By analyzing existing cross correlation between Assurant and ALPHABET INC, you can compare the effects of market volatilities on Assurant and ALPHABET and check how they will diversify away market risk if combined in the same portfolio for a given time horizon. You can also utilize pair trading strategies of matching a long position in Assurant with a short position of ALPHABET. Check out your portfolio center. Please also check ongoing floating volatility patterns of Assurant and ALPHABET.
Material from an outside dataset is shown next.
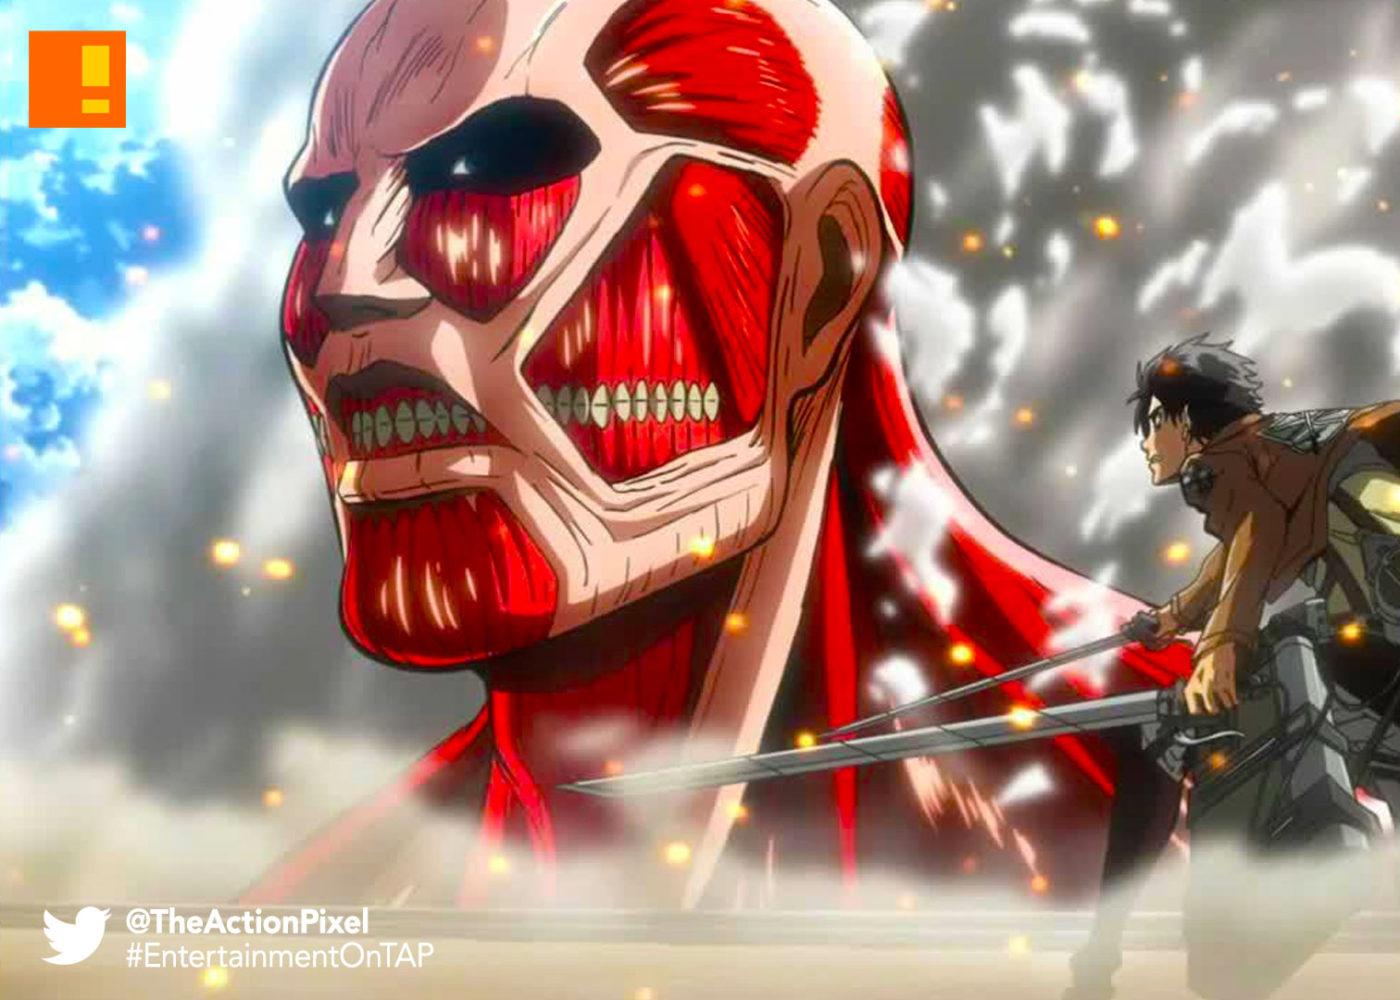 attack on titan, Masashi Koizuka, Tetsuro Araki, manga , anime, Kodansha Comics, the action pixel, entertainment on tap,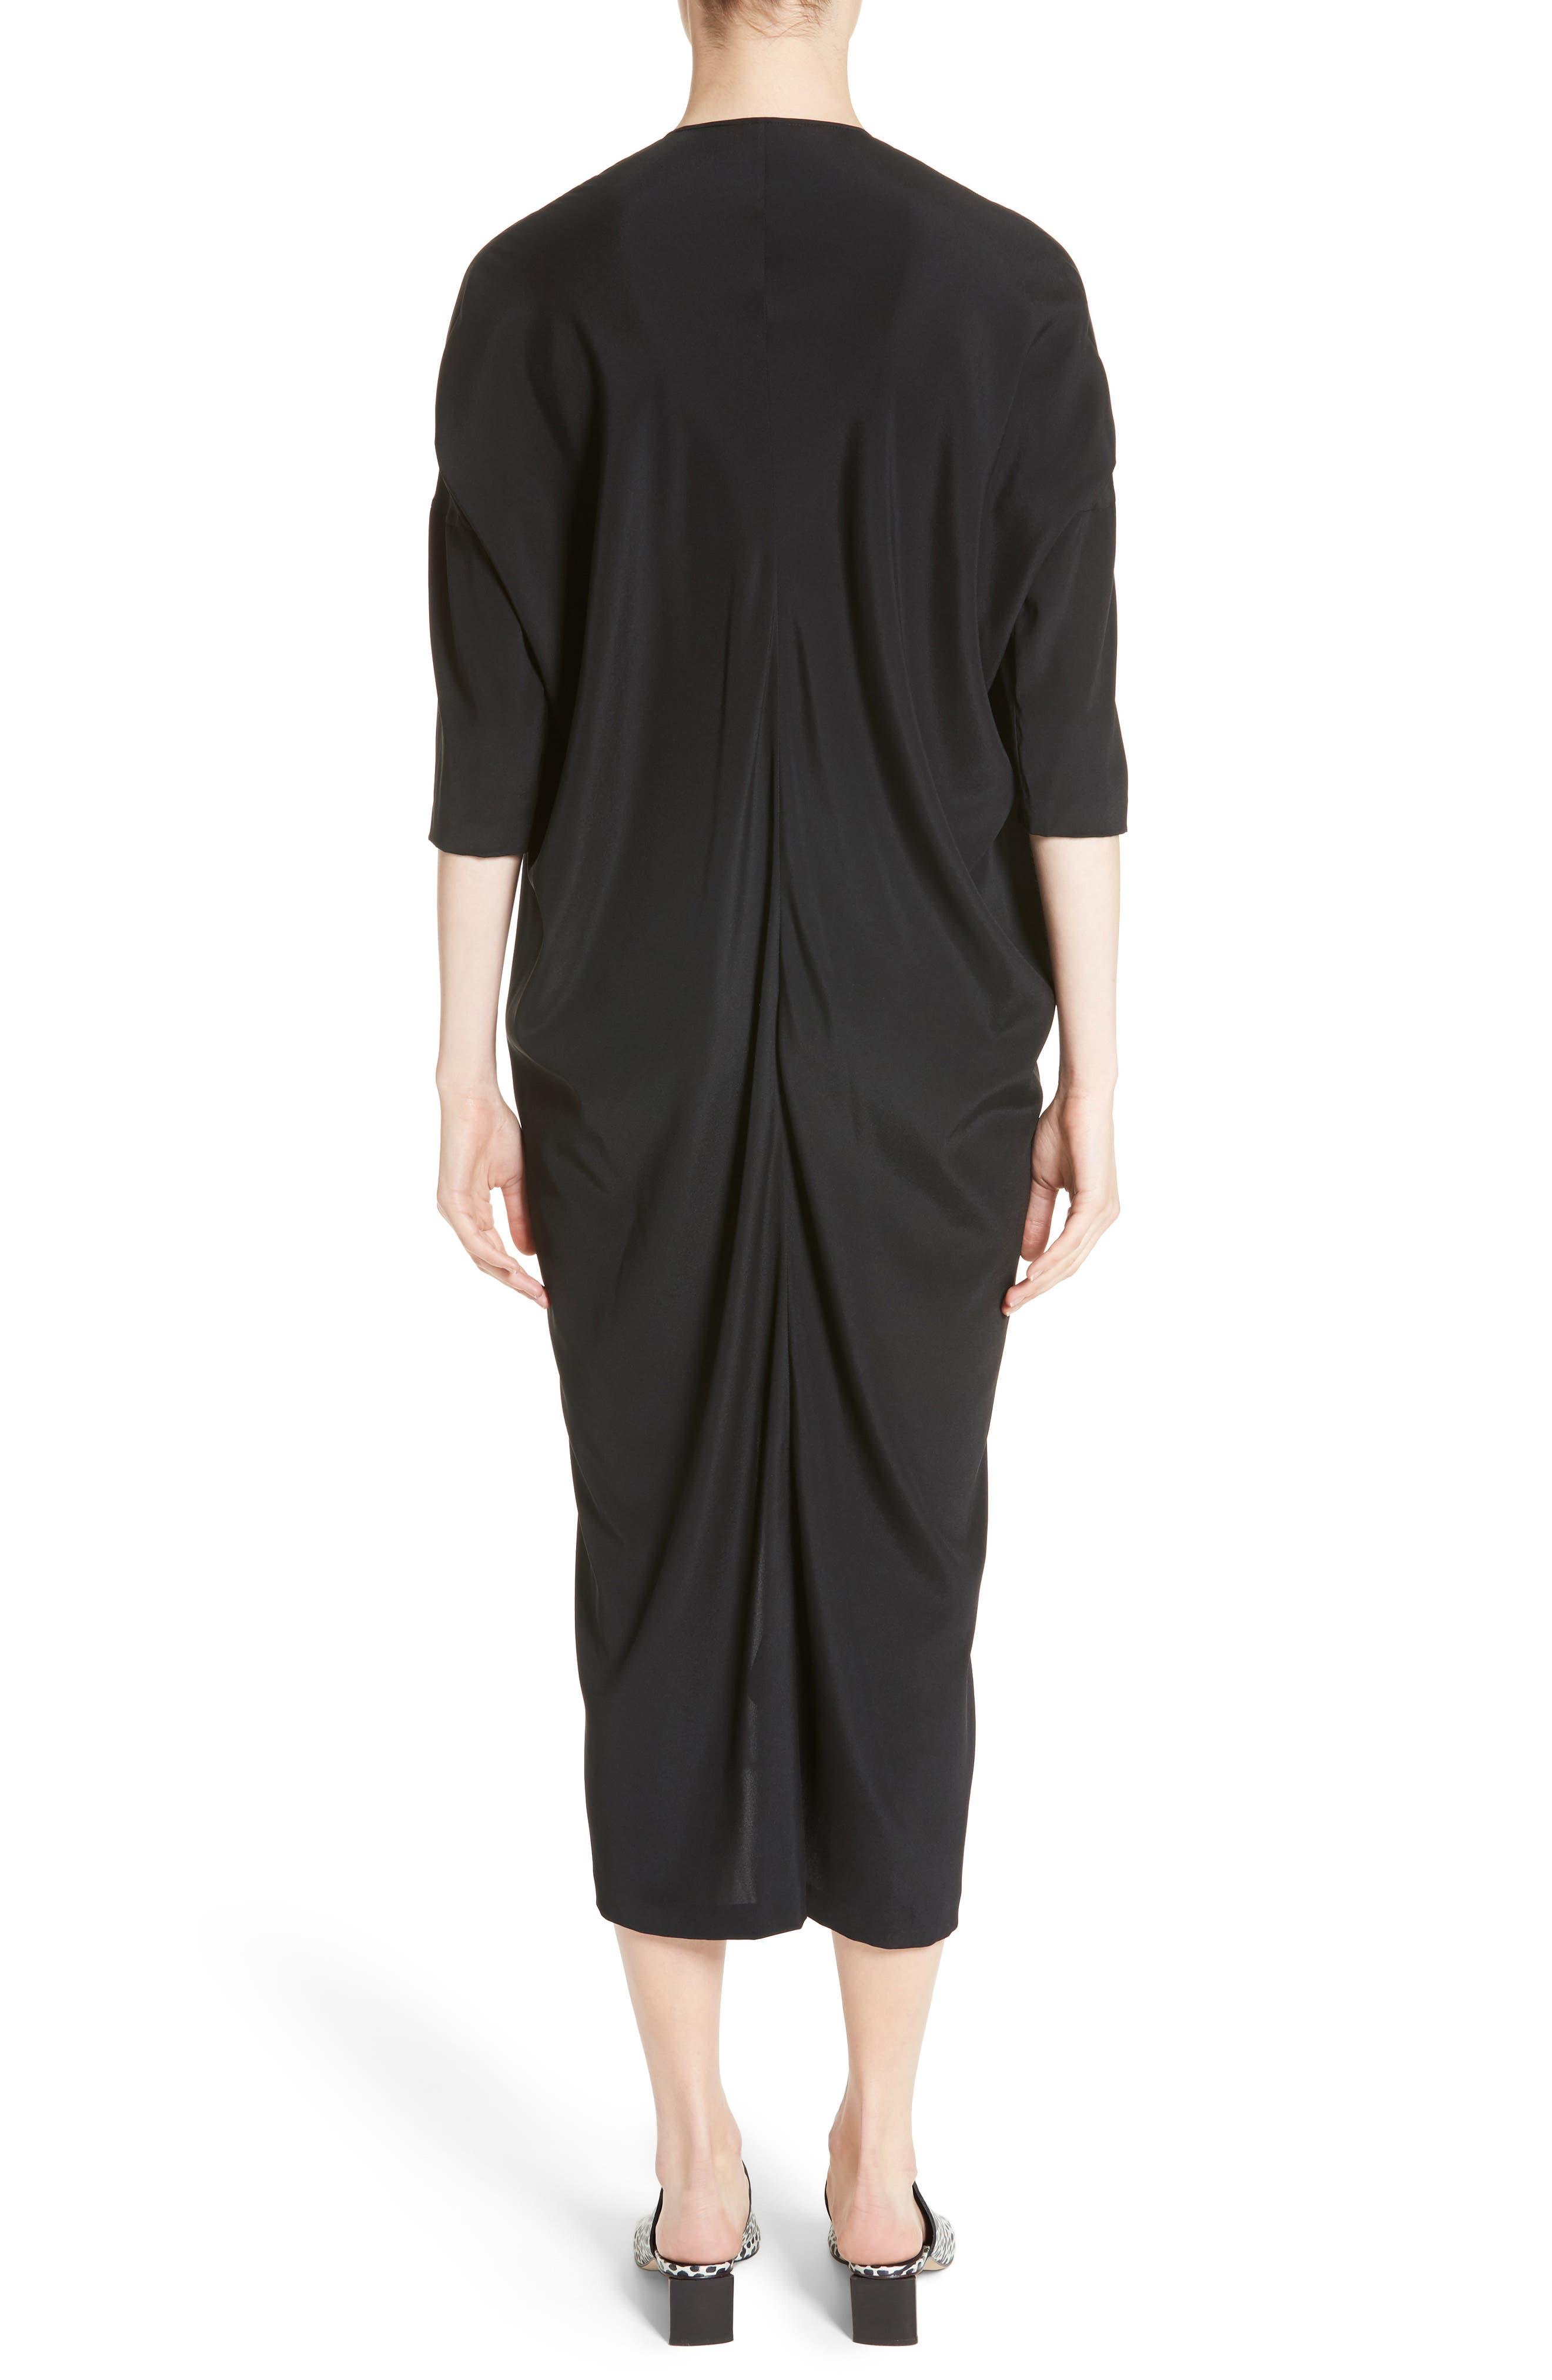 Koya Stretch Silk Charmeuse Dress,                             Alternate thumbnail 2, color,                             001

Diversification Opportunities for Assurant and ALPHABET

-0.47
  Correlation Coefficient

Very good diversification

The 3 months correlation between Assurant and ALPHABET is -0.47. Overlapping area represents the amount of risk that can be diversified away by holding Assurant and ALPHABET INC in the same portfolio, assuming nothing else is changed. The correlation between historical prices or returns on ALPHABET INC and Assurant is a relative statistical measure of the degree to which these equity instruments tend to move together. The correlation coefficient measures the extent to which returns on Assurant are associated (or correlated) with ALPHABET. Values of the correlation coefficient range from -1 to +1, where. The correlation of zero (0) is possible when the price movement of ALPHABET INC has no effect on the direction of Assurant i.e., Assurant and ALPHABET go up and down completely randomly.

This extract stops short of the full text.